#openstack-rpm-packaging log

14:06:56 <dirk> #startmeeting rpm_packaging
14:06:57 <openstack> Meeting started Wed Oct 31 14:06:56 2018 UTC and is due to finish in 60 minutes.  The chair is dirk. Information about MeetBot at http://wiki.debian.org/MeetBot.
14:06:58 <openstack> Useful Commands: #action #agreed #help #info #idea #link #topic #startvote.
14:07:00 <openstack> The meeting name has been set to 'rpm_packaging'
14:07:23 <dirk> ping toabctl, dirk, apevec, aplanas, IgorYozhikov, jpena, jruzicka, number80, kaslcrof, ykarel
14:07:27 <dirk> #topic roll call
14:08:27 * dirk struggles with etherpad
14:11:19 <jpena> o/
14:16:50 <cmurphy> o/
14:18:49 <dirk> #chair jpena  cmurphy
14:18:50 <openstack> Current chairs: cmurphy dirk jpena
14:19:02 <dirk> does anyone have topics?
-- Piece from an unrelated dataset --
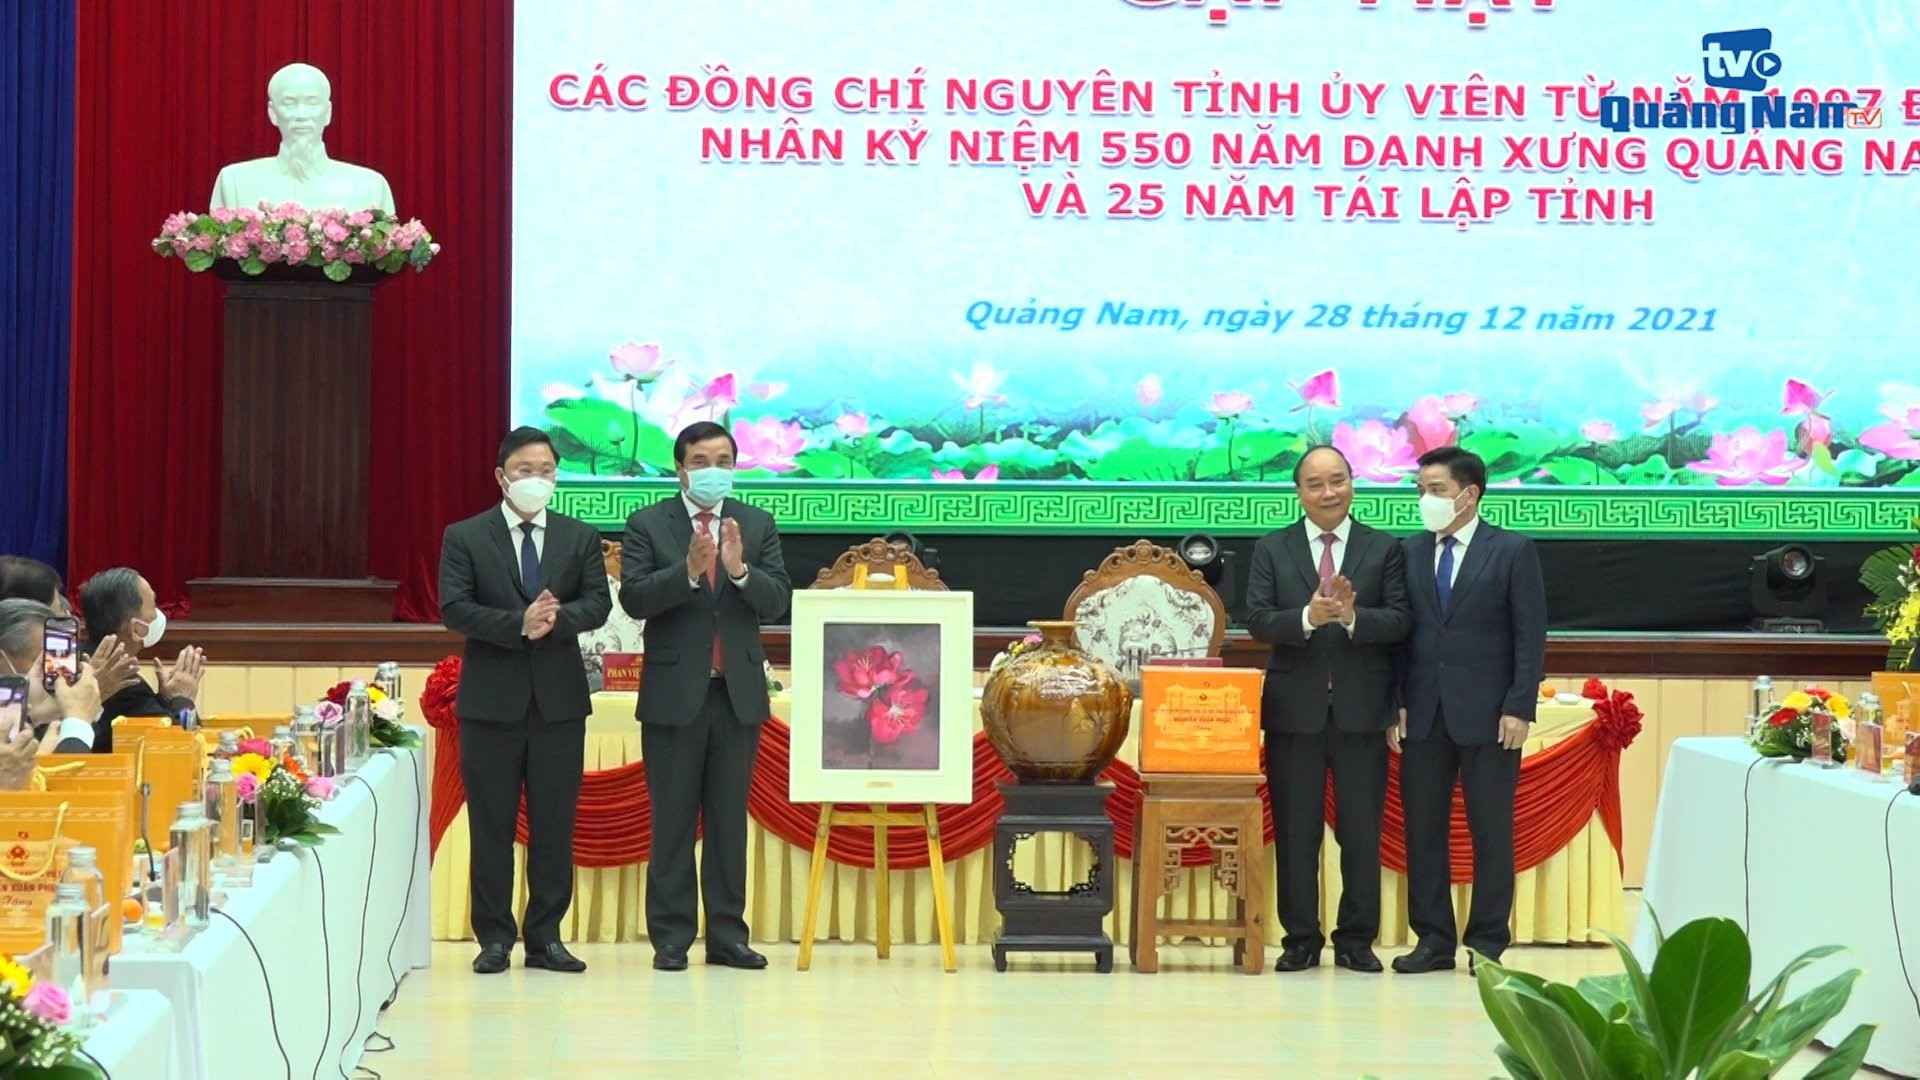 Ủy viên Bộ Chính trị, Chủ tịch nước Nguyễn Xuân Phúc cùng lãnh đạo tỉnh Quảng Nam chụp hình lưu niệm trong chuỗi hoạt động hướng đến kỷ niệm 550 năm Danh xưng Quảng Nam.

I can't access etherpad for some reason
14:19:16 <jpena> nothing special for me
14:19:24 <dirk> jpena: are you coming to the berlin summit?
14:19:36 <jpena> dirk: no, not this time
14:22:34 <dirk> anyone else coming that is worth talking to ?
14:22:46 <dirk> I mean, sorry, in the context of contributions for the openstack rpm packaging
14:23:21 <jpena> from the Red Hat side I'm not aware of many people going to Berlin
14:30:03 <dirk> k, thanks
14:30:07 <dirk> #topic reviews
14:30:11 <dirk> do we have reviews to talk about?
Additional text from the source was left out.